## Stored data:

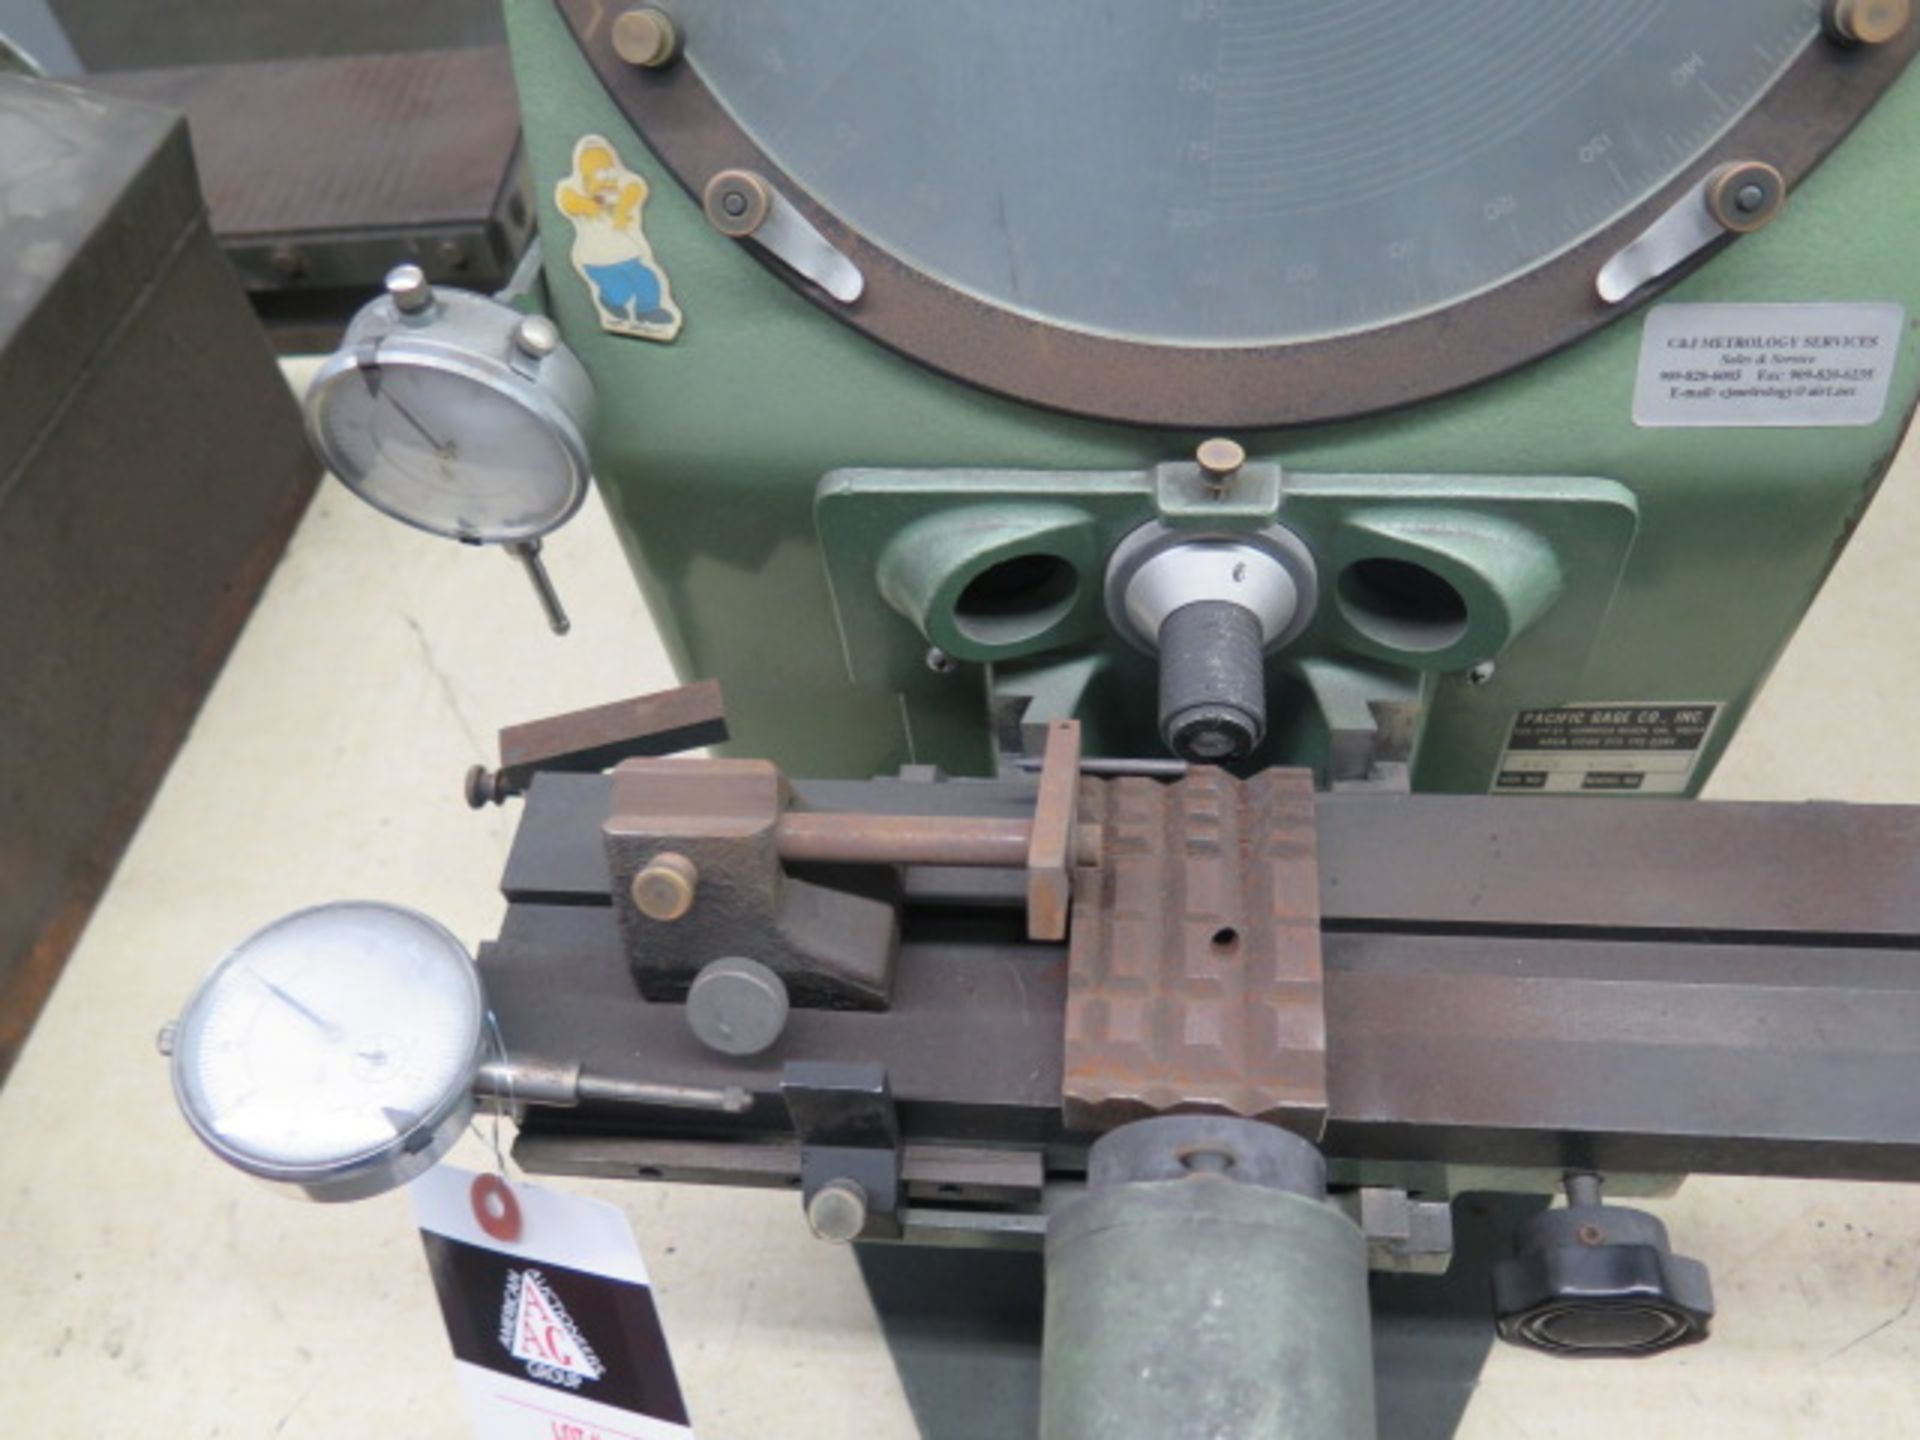 Pacific Gage Optical Comparator w/ Dial Indicator Readouts (SOLD AS-IS - NO WARRANTY) - Image 5 of 9
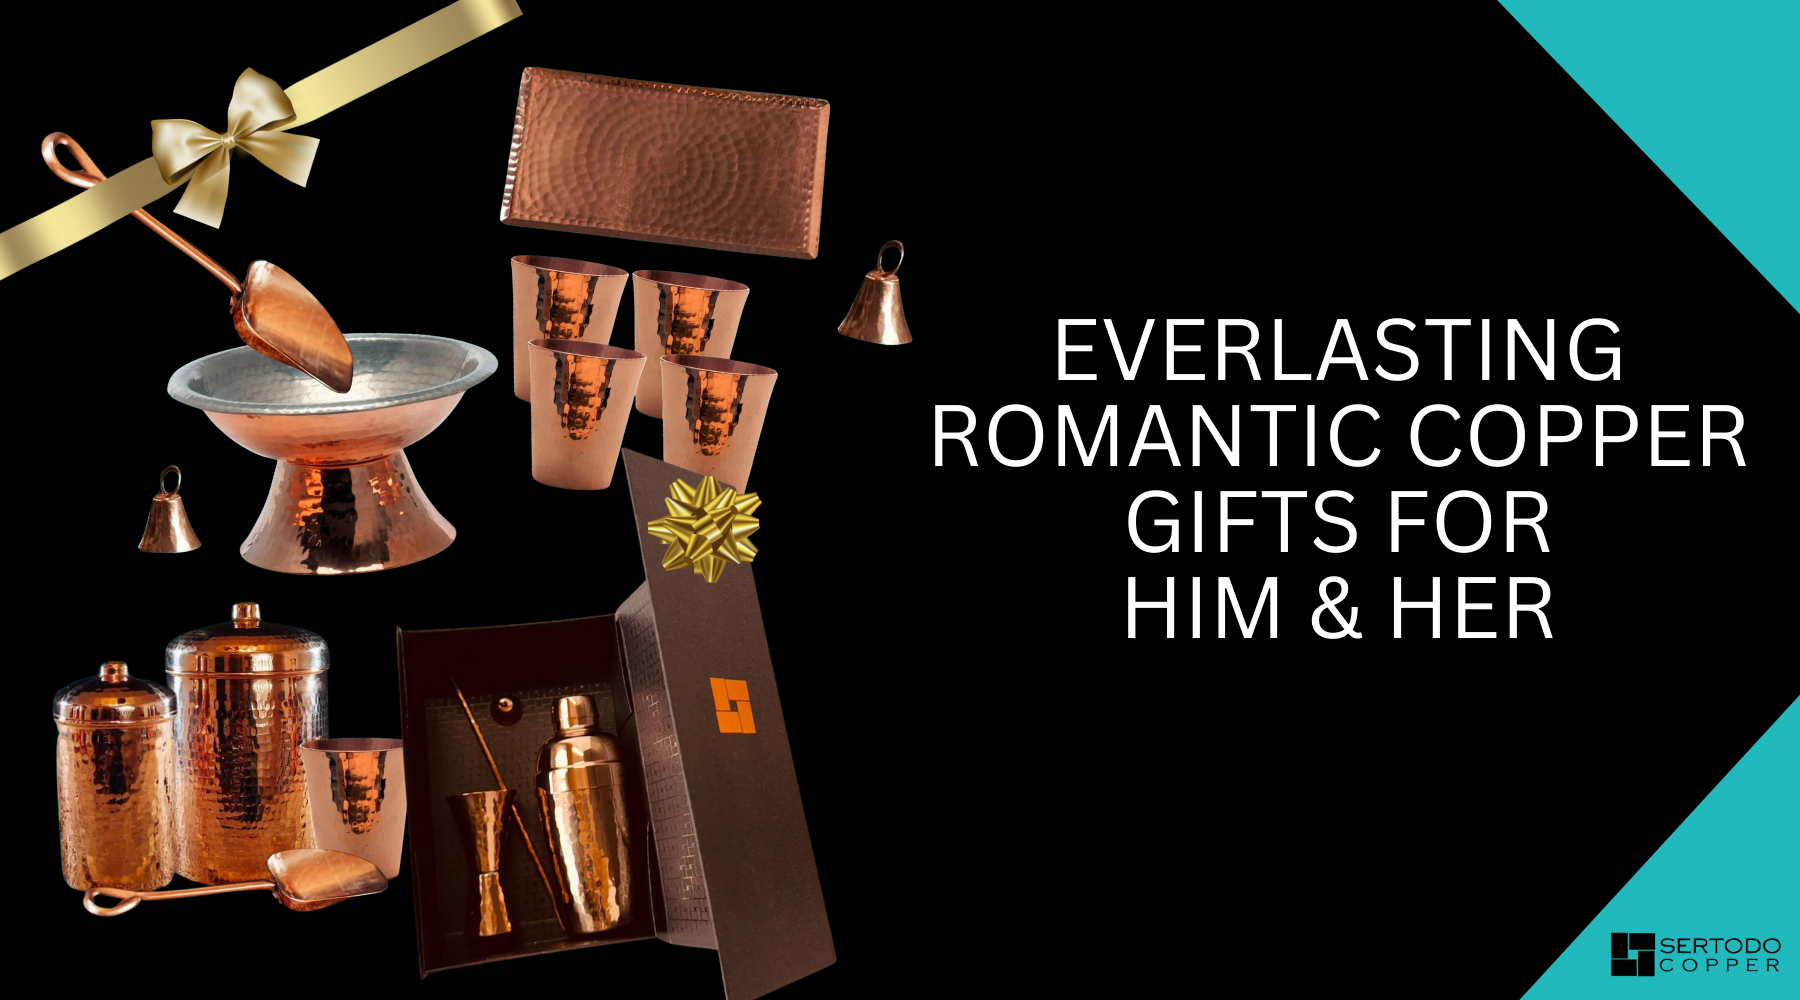 Everlasting romantic copper gifts for him and her
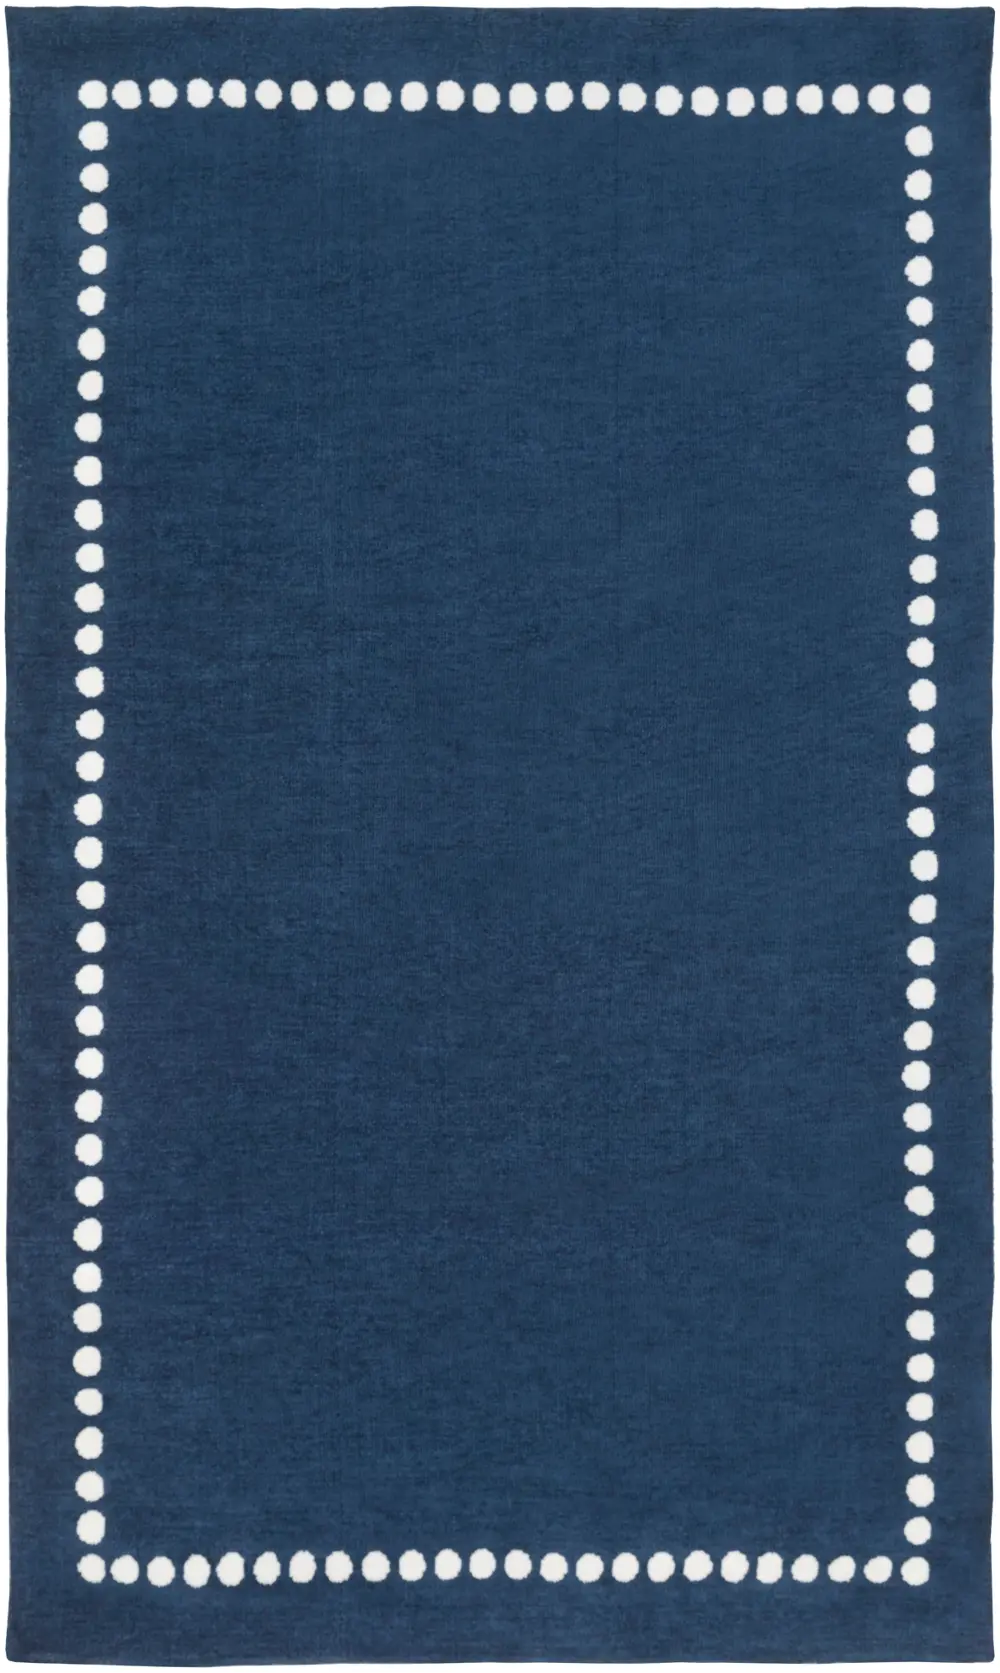 8 x 11 Large Navy Blue and Cream Kids Area Rug - Abigail-1
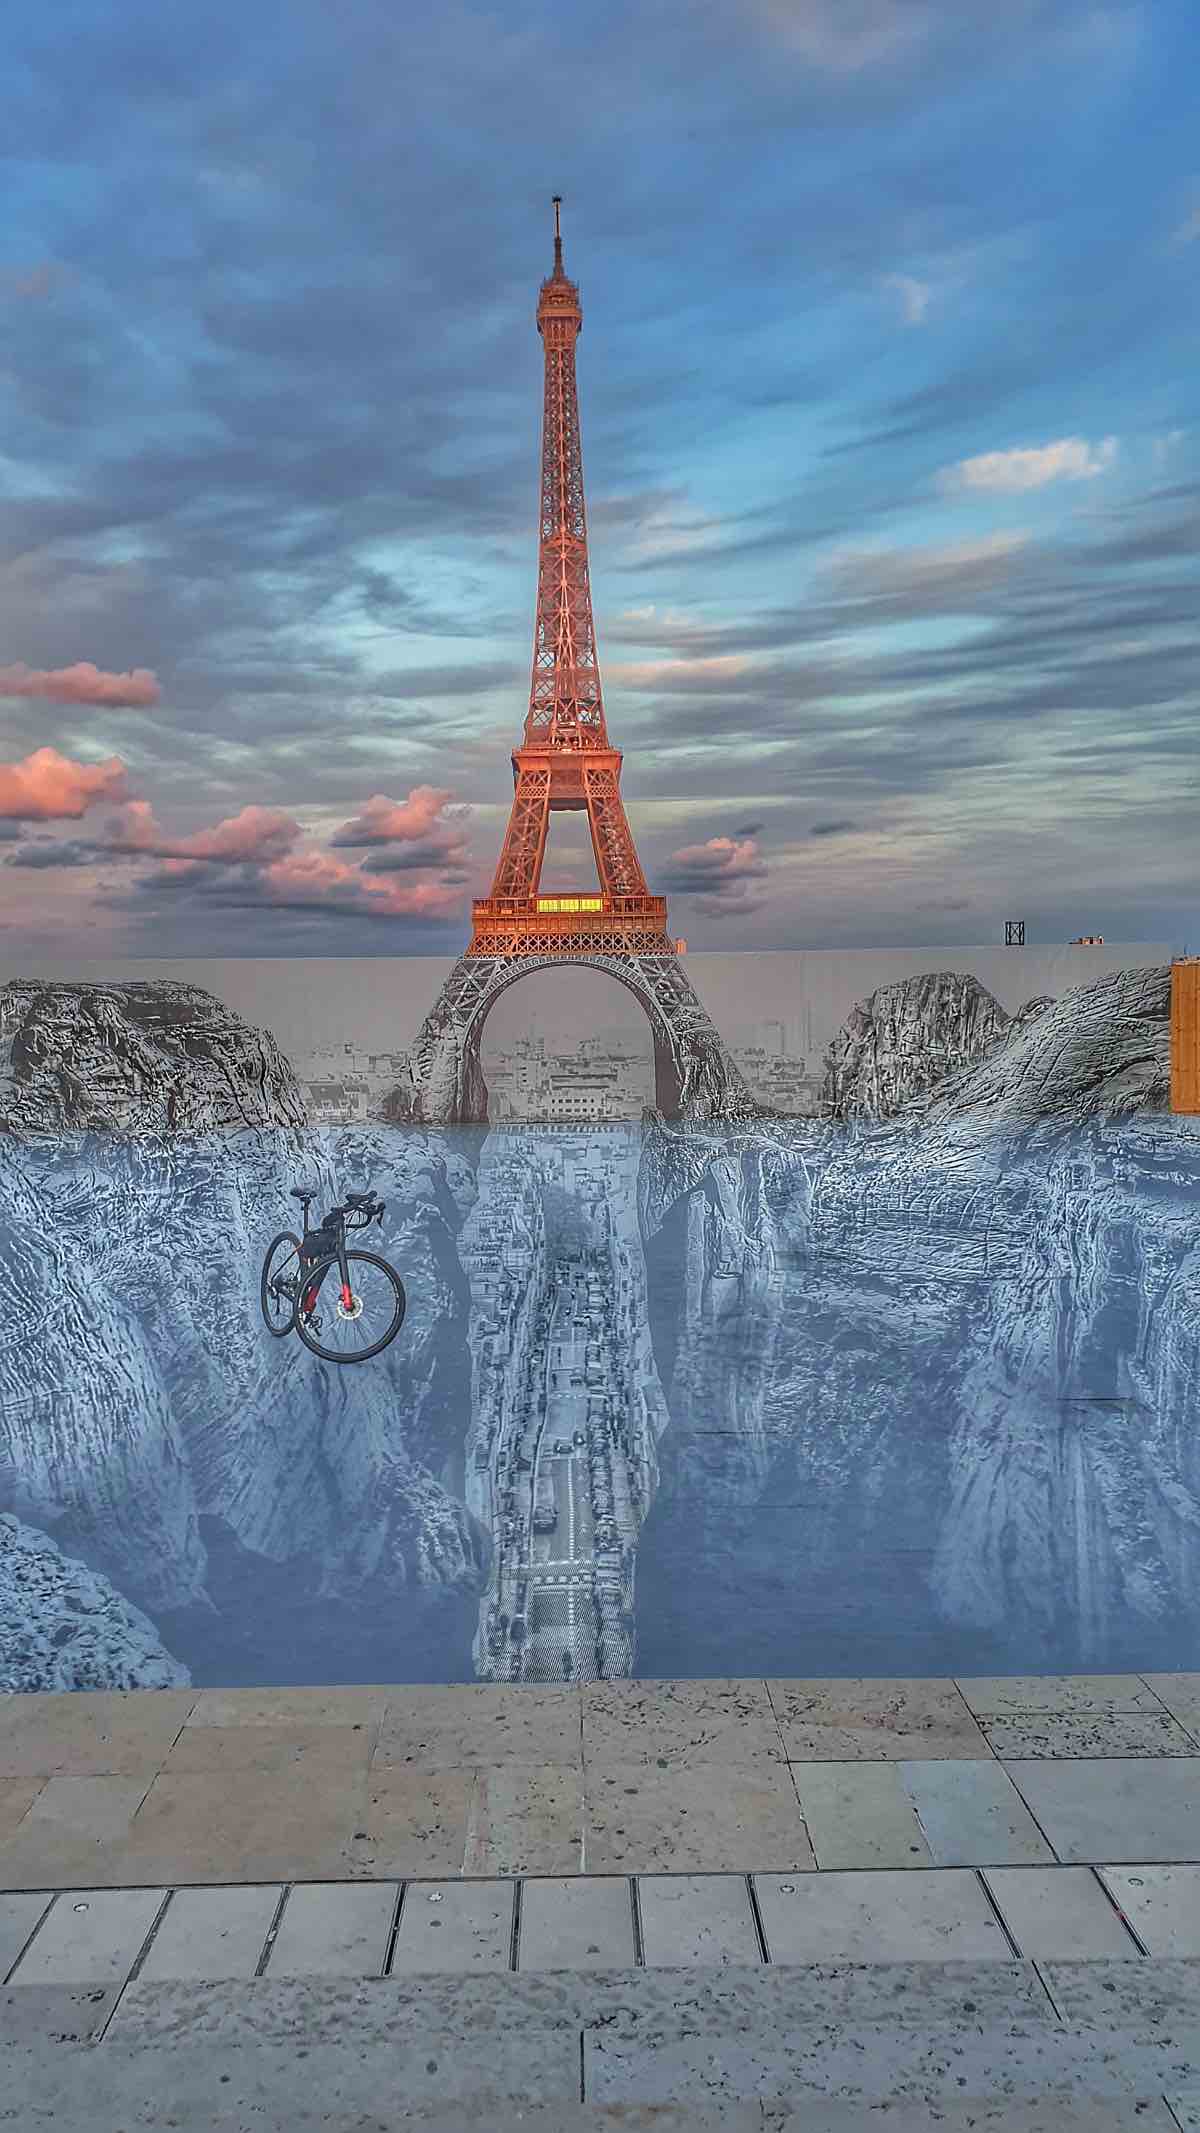 bikerumor pic of the day a specialized diverge seems to float above a scene anchored by the eiffel tower on street art created on the place du trocadero in paris france.

## Exercise instructions:
When you write out the data, keep every line exact and drop the pictures.

## Result:
 Pacific Gage Optical Comparator w/ Dial Indicator Readouts (SOLD AS-IS - NO WARRANTY) - Image 5 of 9
 Everlasting romantic copper gifts for him and her
 8 x 11 Large Navy Blue and Cream Kids Area Rug - Abigail-1
 bikerumor pic of the day a specialized diverge seems to float above a scene anchored by the eiffel tower on street art created on the place du trocadero in paris france.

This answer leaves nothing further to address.